We aim to take advantage of the fast pathway to monetisation of these assets by utilising that cash flow to partly fund later wells in the earn-in programme. We continue to assess a number of further potential investment opportunities in line with our strategy of delivering shareholder value."

 

Further Information on Gaelic 

The unaudited management accounts of Gaelic as at 31 May 2018 show net liabilities of £73,728 including a shareholder loan of £756,257 which is being assigned to Reabold as part of the Acquisition. The intention is that the assets of Gaelic will be revalued following the Acquisition to fair value such that net assets of Gaelic shall be £3,045,000, an amount equal to the consideration. For the five month period to 31 May 2018, these accounts also show a loss before taxation of £75,728. 

A Circular will be sent to Shareholders shortly convening a General Meeting at which Resolutions to grant the Directors authority to issue shares (including the Consideration Shares) will be proposed.

  

*Volumetric, NPV (net present value) and resource estimates according to Integrity Management Solutions as the operator of the Leases. It should be noted that such estimates have not been prepared in accordance with any Reporting Standard under the AIM Rules and therefore should be treated with caution at this stage and should not be relied upon. 

The information contained in this release in relation to the Monroe Swell, West Brentwood and Grizzly Island  has been reviewed by Mr Dero Parker, President of Integrity Management Solutions. Mr Parker is a consultant and past owner operator of both oil and gas assets as well as hundreds of square miles of 3 dimensional seismic data and has 42 years of technical, operational, commercial and management experience in appraisal, development and production of oil and gas resources. Mr. Parker has reviewed the data contained in this release in relation to Monroe Swell, West Brentwood and Grizzly Island and considers the information to be fairly represented. Mr. Parker has consented to the inclusion of this information in the form and context in which it appears. 

 

 

ENDS

 

For further information please contact:

Reabold Resources plc

Stephen Williams

Sachin Oza

 

c/o Camarco

+44 (0) 20 3757 4980

Beaumont Cornish Limited

Roland Cornish

James Biddle

Felicity Geidt

 

+44 (0) 20 7628 3396

Camarco

James Crothers

Ollie Head

Billy Clegg

 

+44 (0) 20 3757 4980

Whitman Howard Limited - Joint Broker

Nick Lovering

Grant Barker

 

+44 (0) 20 7659 1234 

Turner Pope Investments (TPI) Ltd - Joint Broker

Andy Thacker

+44 (0) 20 3621 4120

 

Notes to Editors

 

1          Reabold Resources is an investing company investing in the exploration and production ("E&P") sector. The Company's investing policy is to acquire direct and indirect interests in exploration and producing projects and assets in the natural resources sector, and consideration is currently given to investment opportunities anywhere in the world. 
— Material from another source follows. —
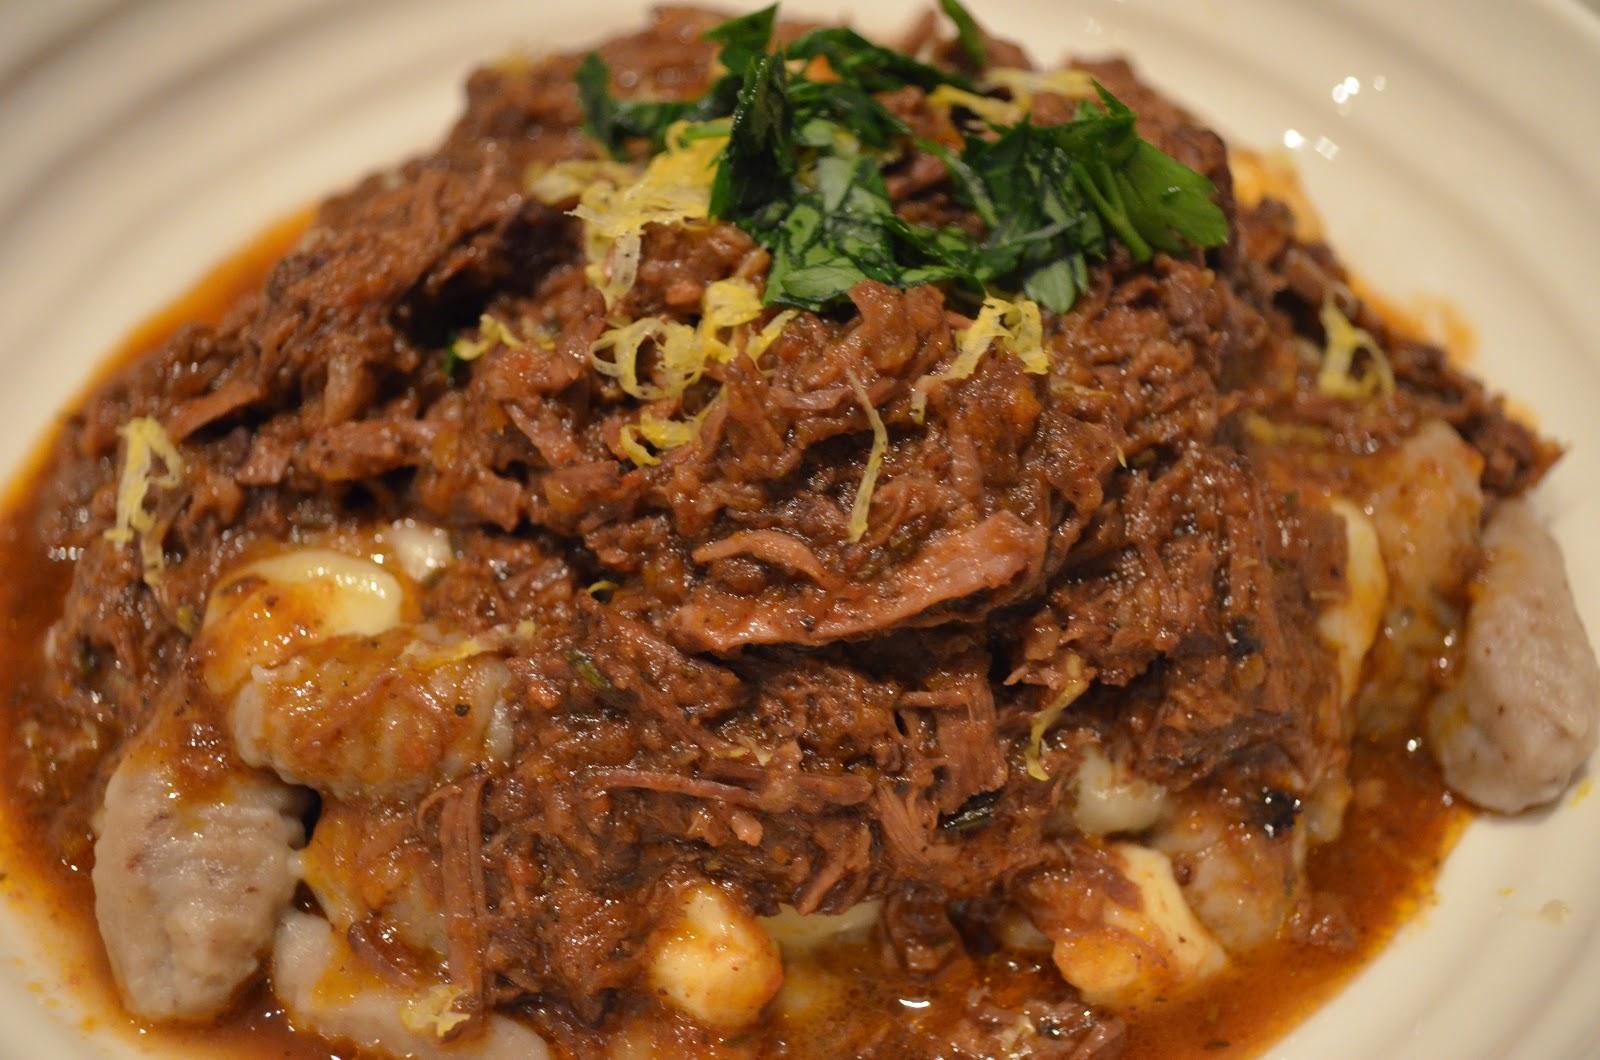 Foodie Funday Sunday: Gnocchi Poutine with Braised Short Rib Ragu

As an investor in upstream oil & gas projects, Reabold aims to create value from each project by investing in undervalued, low-risk, near-term upstream oil & gas projects and by identifying a clear exit plan prior to investment. 
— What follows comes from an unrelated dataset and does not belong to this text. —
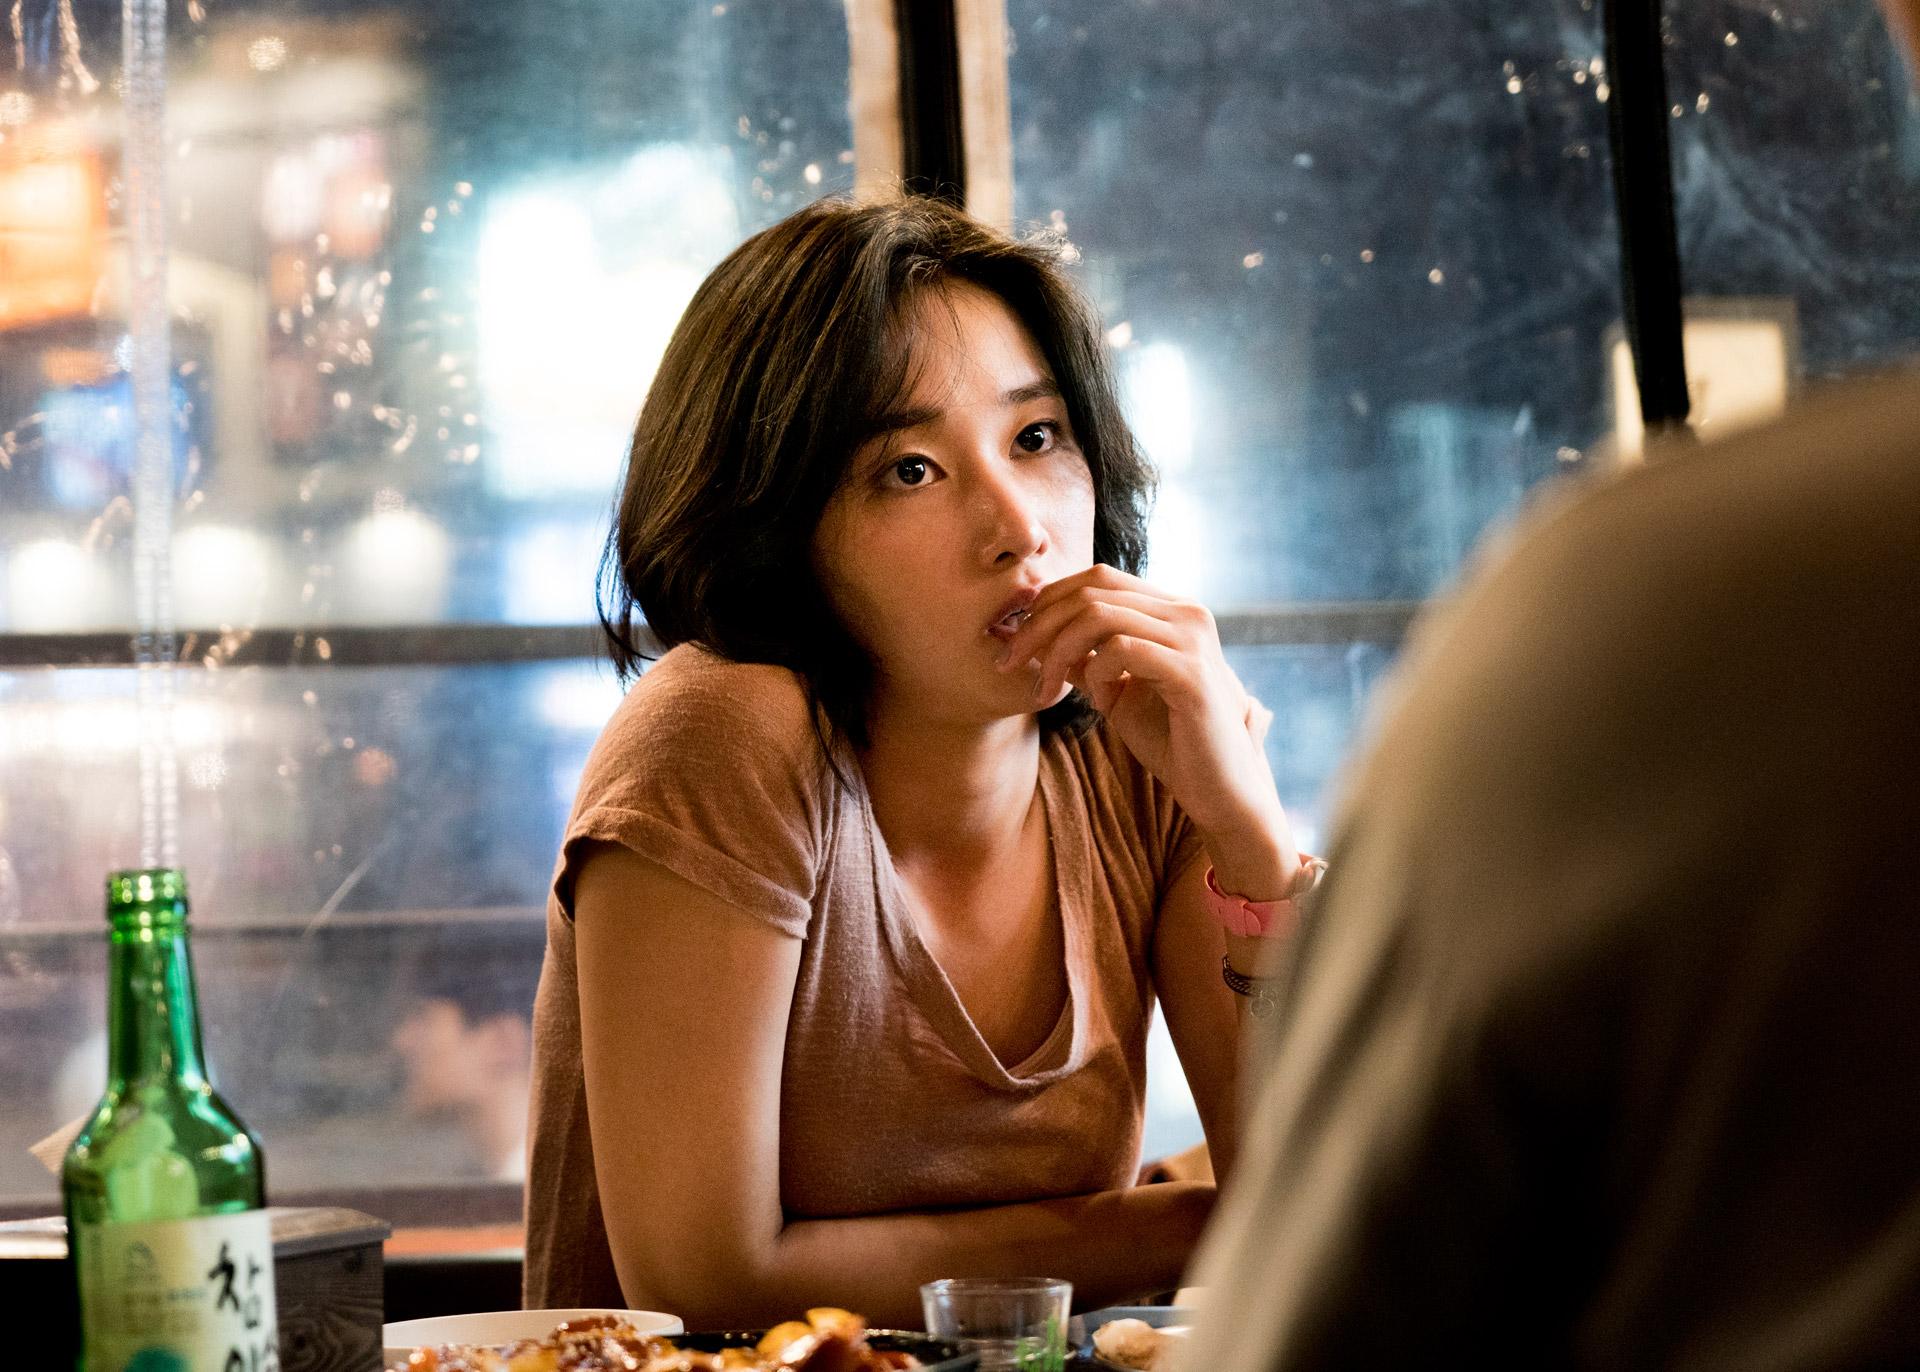 Jeon Jong Seo Burning

Reabold's long term strategy is to re-invest capital made through its investments into larger projects in order to grow the Company. Reabold aims to gain exposure to assets with limited downside and high potential upside, capitalising on the value created between the entry stage and exit point of its projects. The Company invests in projects that have limited correlation to the oil price. 

Reabold has a highly-experienced management team, who possess the necessary background, knowledge and contacts to carry out the Company's strategy.  

2              Gaelic Resources Limited owns 100% of the interests in Temporary Energy LLC (a limited liability company registered in the state of California, United States of America) ("Temporary"). Temporary has the benefit of an earn-in agreement with Sunset Exploration, Inc ("Sunset") to earn into 50% of certain oil and gas licences owned by Sunset in California.

Temporary also has a master services agreement with an oilfield services company called Integrity Management Solutions, Inc. to have day to day management, operatorship and conduct of the drilling and exploration of the licence areas for which they charge a fee.